Friday, July 26, 2019
One Species or Two? The Grebes of the Sacramento National Wildlife Refuge
One of these is not like the others. Can you tell which one is which?
The concept of a species has apparently always been a problem in biology. The definition I was taught, the idea that a species is a group of organisms that can produce viable offspring, is a real problem in my own field of geology and paleontology. How can we know if a species was capable of successfully reproducing from fossil evidence? We depend on the morphology a great deal, but it often produces problems. Consider what future paleontologists will think about fossils of all the dog breeds in existence...would a Chihuahua be considered the same species as a German Shepherd? There are debates about whether the large number of species of ceratopsian dinosaurs might actually be growth stages of a single species.
As we learn more, the idea of boundaries between species becomes even more uncertain. There are some species that are more closely related than others, and hybridization is a common phenomenon. Such hybrids may be a powerful driver of evolutionary change. Which brings us to these unique birds in the pictures today. They include a single picture of some Clark's Grebes (Aechmophorus clarkii), and some Western Grebes (Aechmophorus occidentalis). We saw them in the ponds of the Sacramento National Wildlife Refuge near Willows, California, on the first day of our recent journey through British Columbia and northern Washington state. What criteria did you use to distinguish between the two?

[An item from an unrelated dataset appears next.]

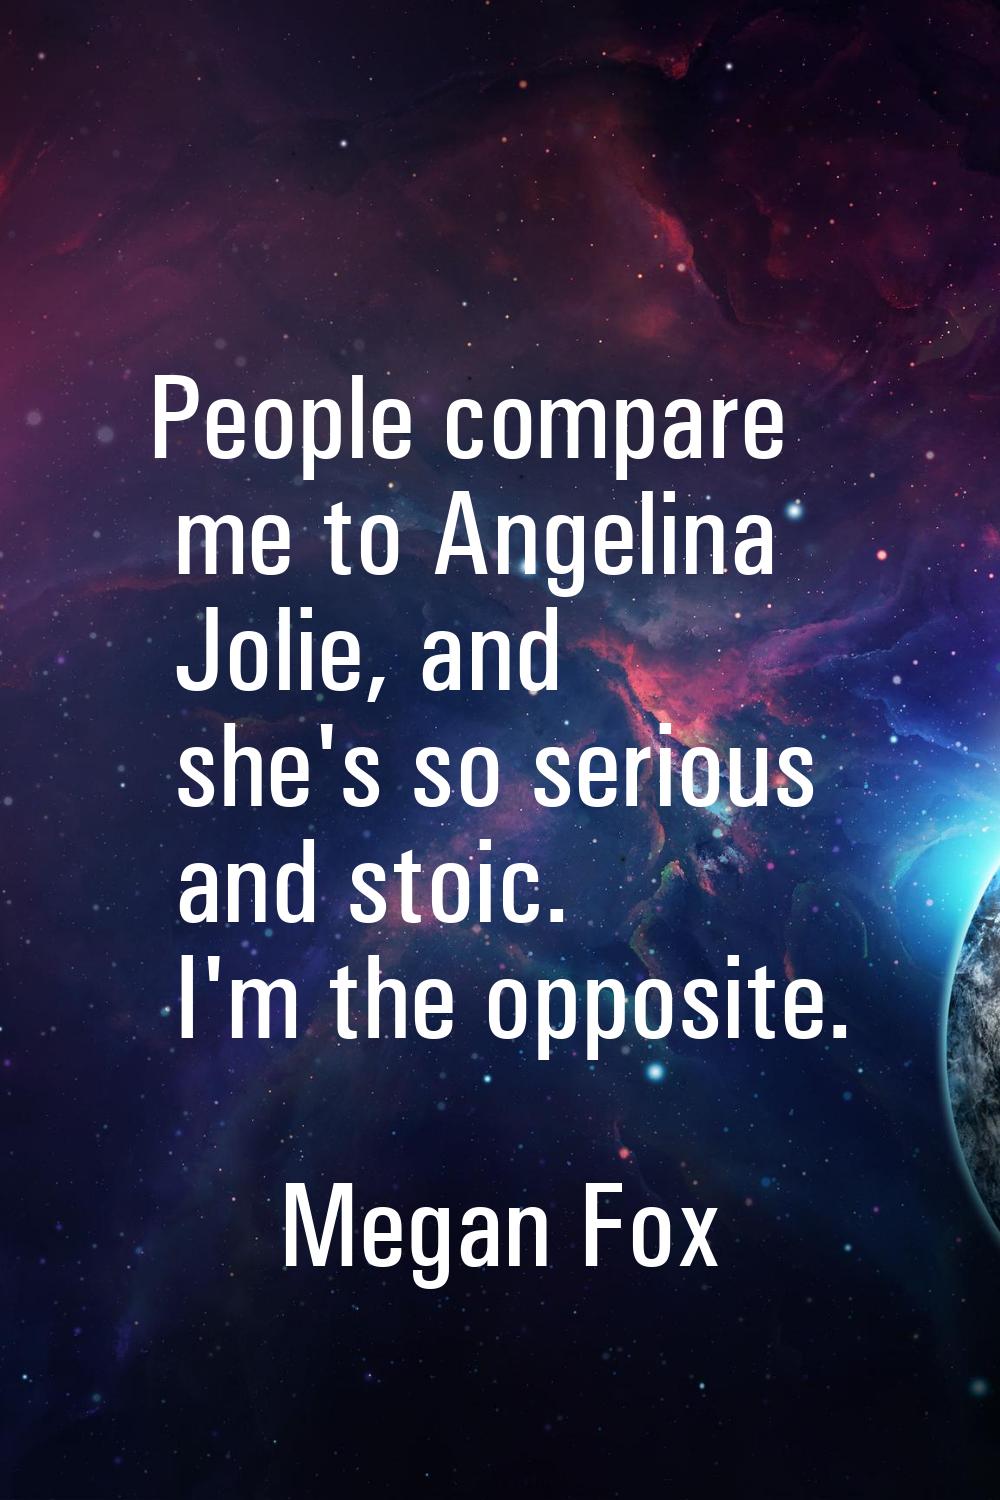 People compare me to Angelina Jolie, and she's so serious and stoic. I'm the opposite.
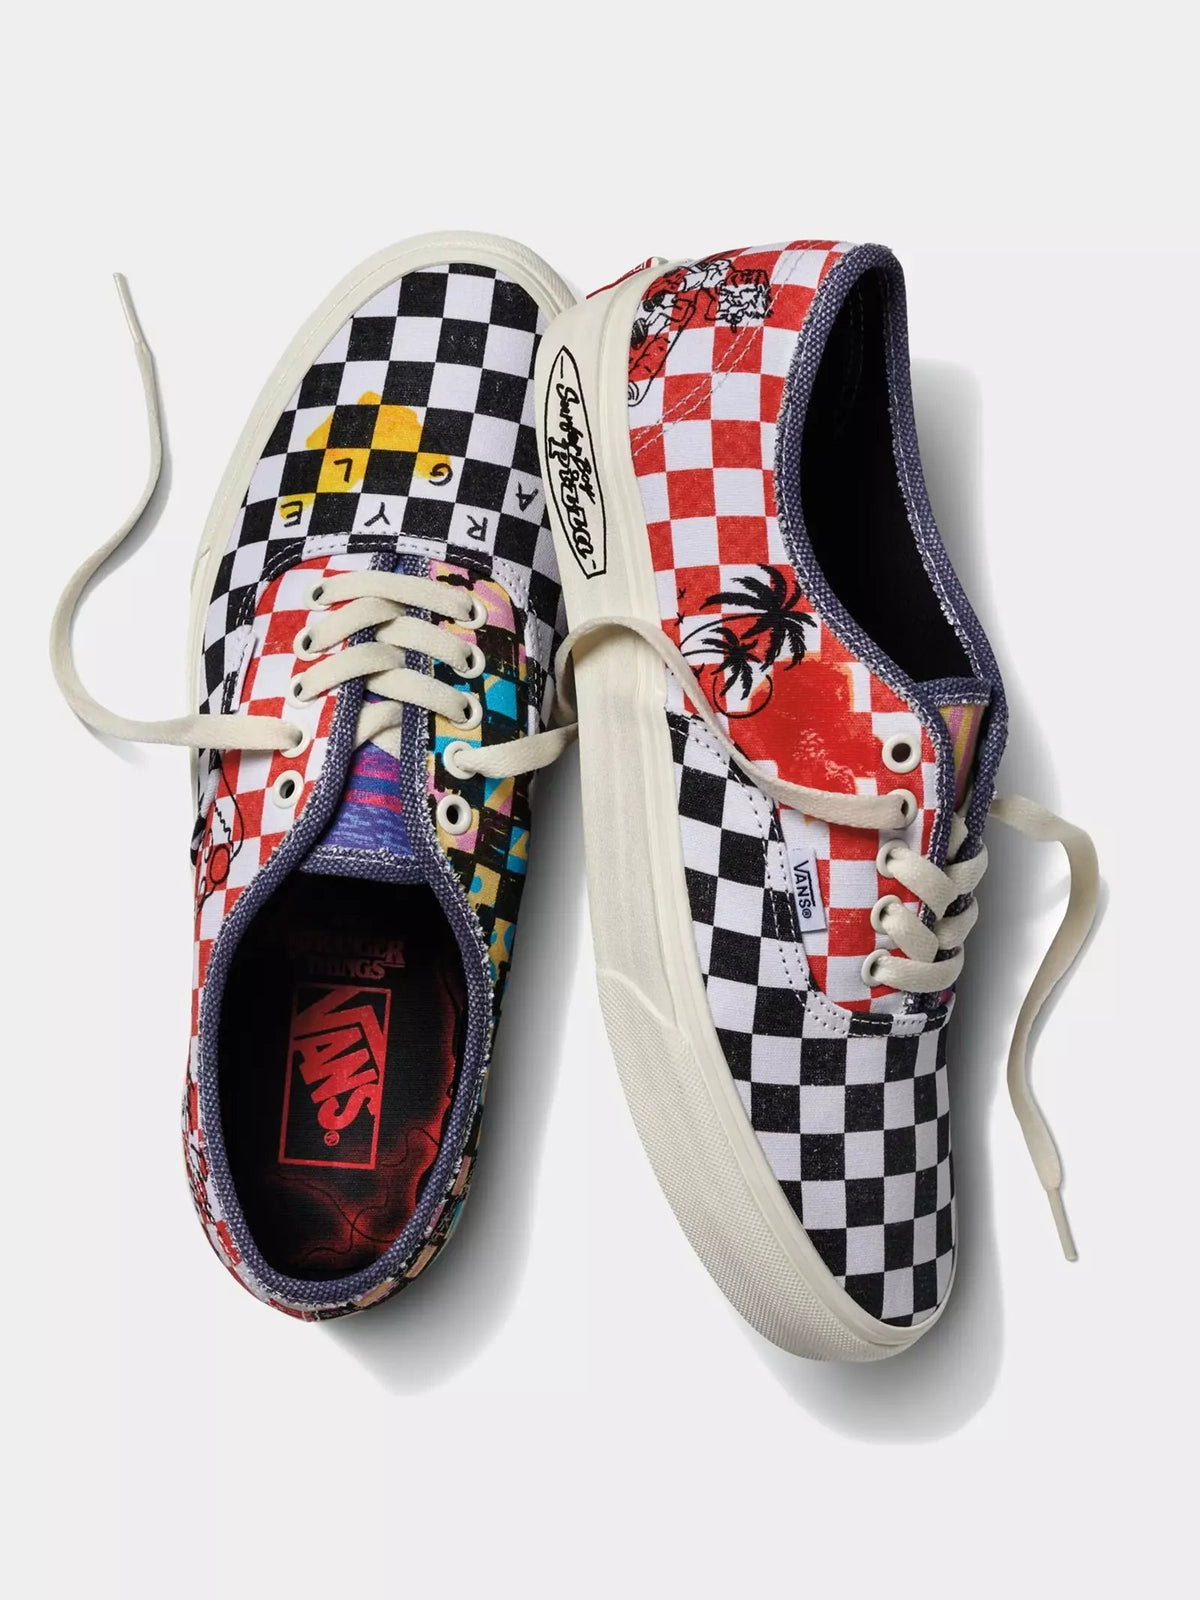 Unisex Stranger Things Authentic Sneakers in Black &amp; Red Checkerboard

Biologists considered them to be the same species until 1985, when they split them because they didn't tend to interbreed, had different calls, occupied slightly different niches in their wetlands environments, and on major differences in their DNA sequences. The Western Grebes are more numerous (~110,000 vs ~11,000), but both are threatened by loss of their wetland environments. The most visible differences are the eyes, which are surrounded by black in the Western Grebe and white in the Clark's Grebe. The beak of the Clark's Grebe is brighter yellow while the Western's is more olive in color.
The Sacramento National Wildlife Refuge is one of our favorite birding spots. It has spectacular seasons in fall and winter when the migrant ducks, geese, and cranes arrive from the Arctic. The birds gather in flocks 10,000 strong, and few sights are as memorable as seeing all of the Snow or Ross's Geese taking off at once. Summer is much quieter, but is a good time to view the year-round species and the raptors. I noted 26 different species on our late June visit.